Dataset extract
□ □ □ □ □

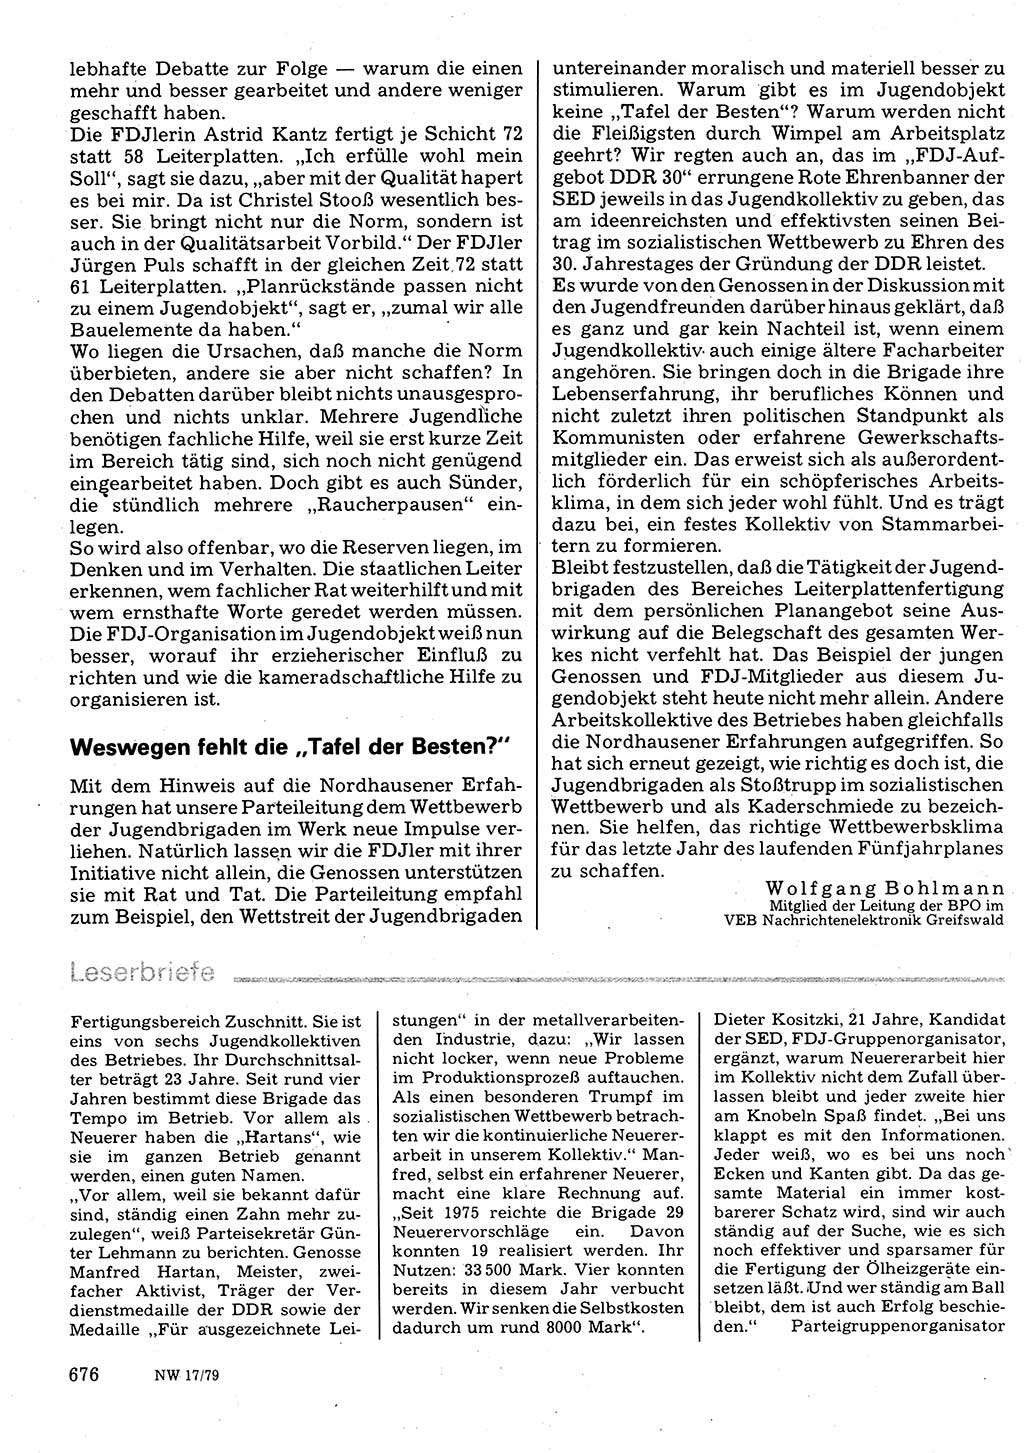 Neuer Weg (NW), Organ des Zentralkomitees (ZK) der SED (Sozialistische Einheitspartei Deutschlands) für Fragen des Parteilebens, 34. Jahrgang [Deutsche Demokratische Republik (DDR)] 1979, Seite 676 (NW ZK SED DDR 1979, S. 676)
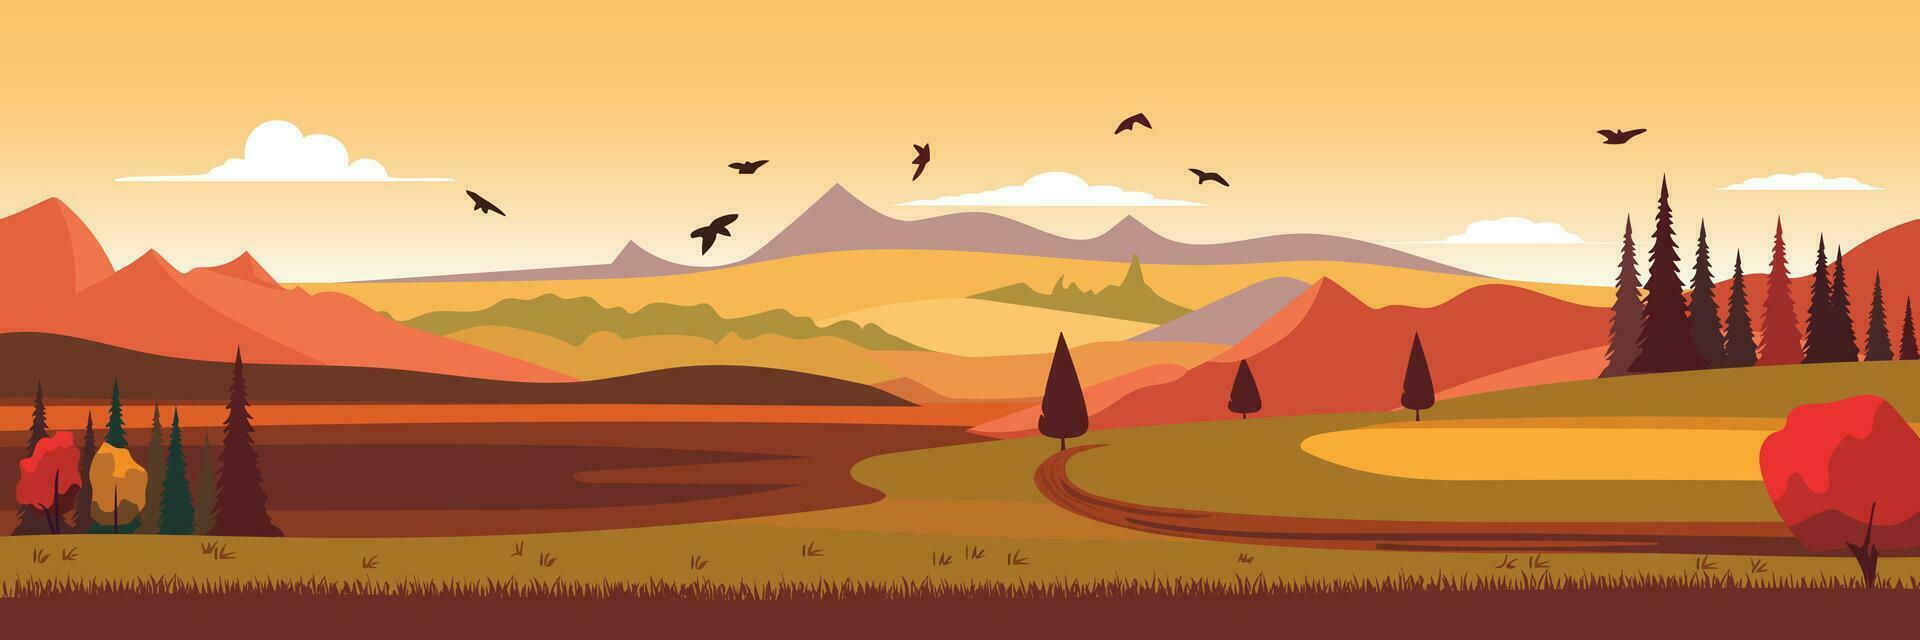 dessin animé illustration de le l'automne rural paysage. tomber la nature voir. vecteur illustration.
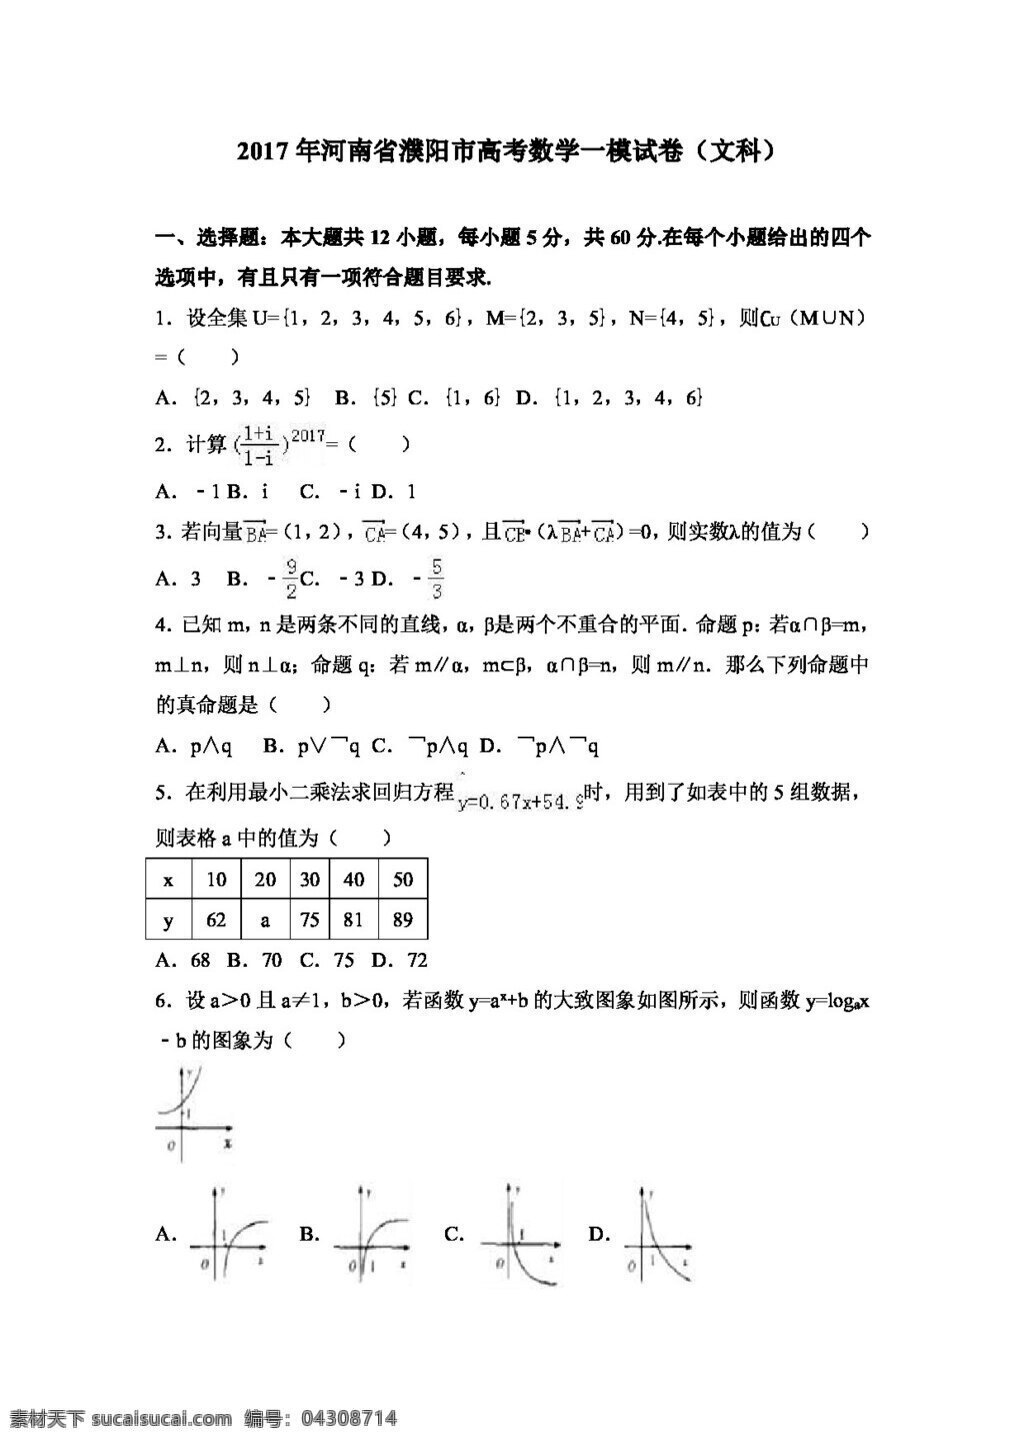 数学 人教 版 2017 年 河南省 濮阳市 高考 模 试卷 文科 高考专区 人教版
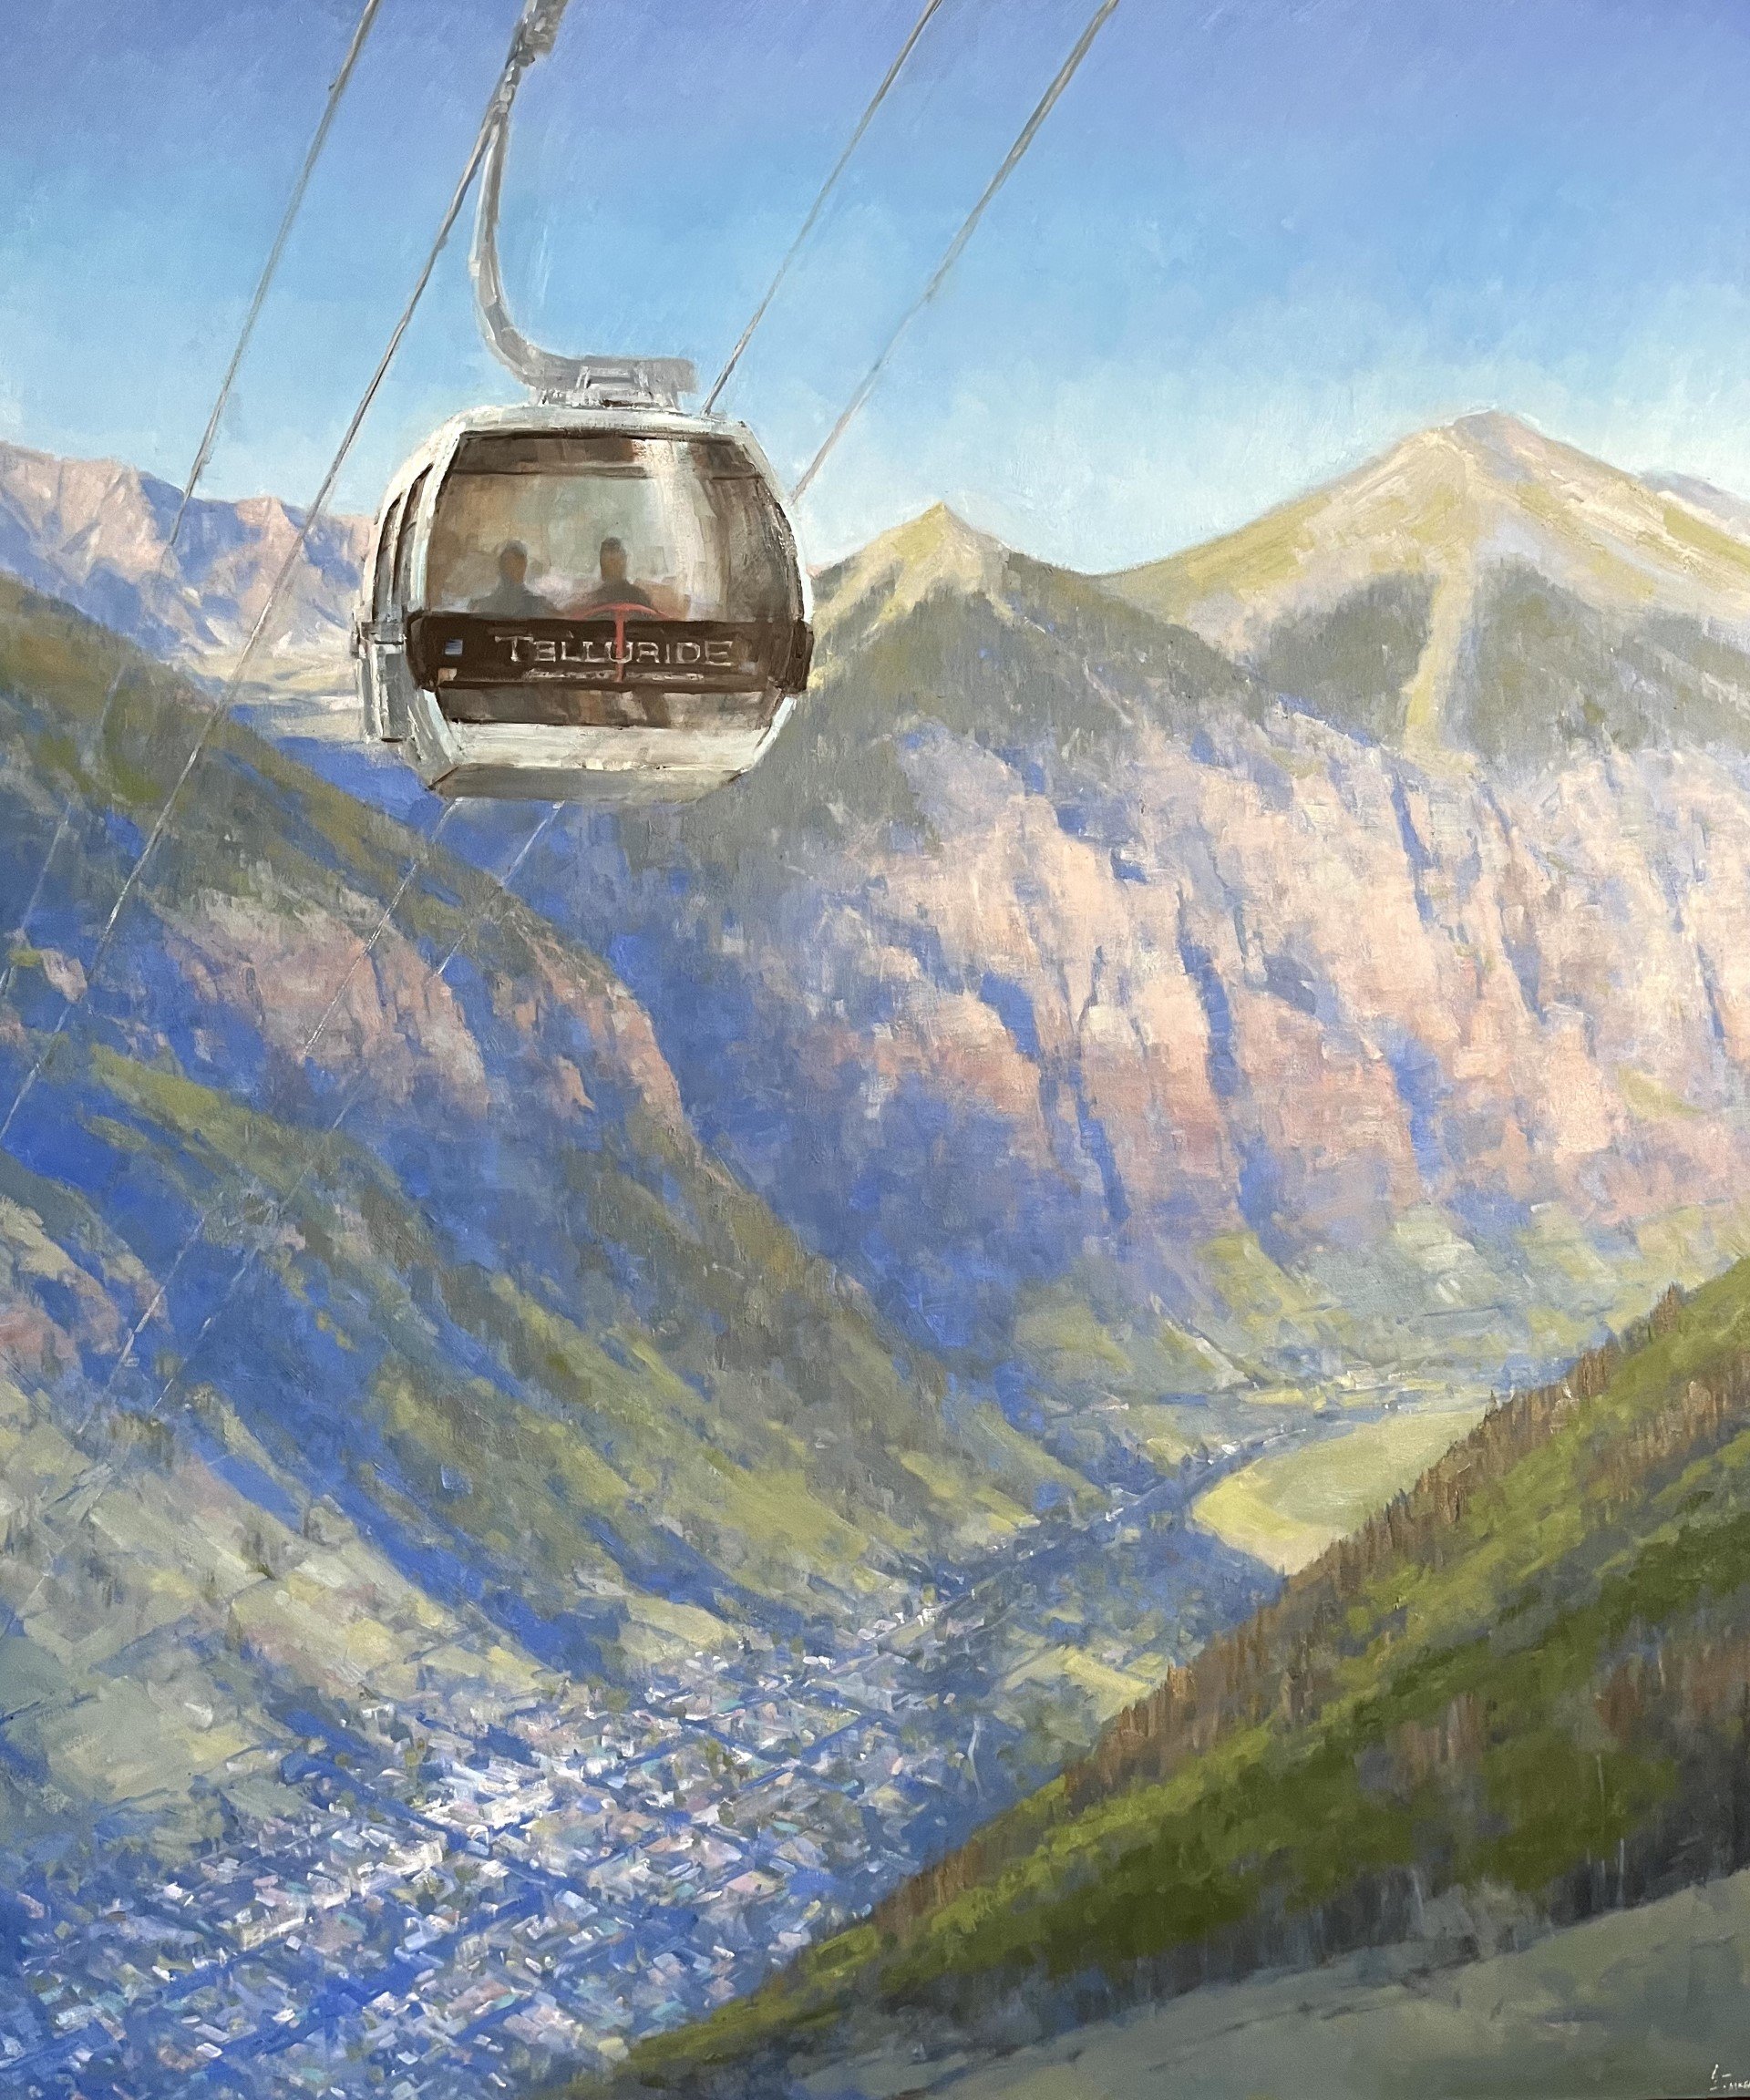  “Gondola View” 48x60, Oil on Canvas.

□ □ □ □ □

Work task
Repeat the listing word for word, omitting the pictures.

Solution for this problem
 Neuer Weg (NW), Organ des Zentralkomitees (ZK) der SED (Sozialistische Einheitspartei Deutschlands) für Fragen des Parteilebens, 34. Jahrgang [Deutsche Demokratische Republik (DDR)] 1979, Seite 676 (NW ZK SED DDR 1979, S. 676)
 dessin animé illustration de le l'automne rural paysage. tomber la nature voir. vecteur illustration.
 数学 人教 版 2017 年 河南省 濮阳市 高考 模 试卷 文科 高考专区 人教版
  “Gondola View” 48x60, Oil on Canvas.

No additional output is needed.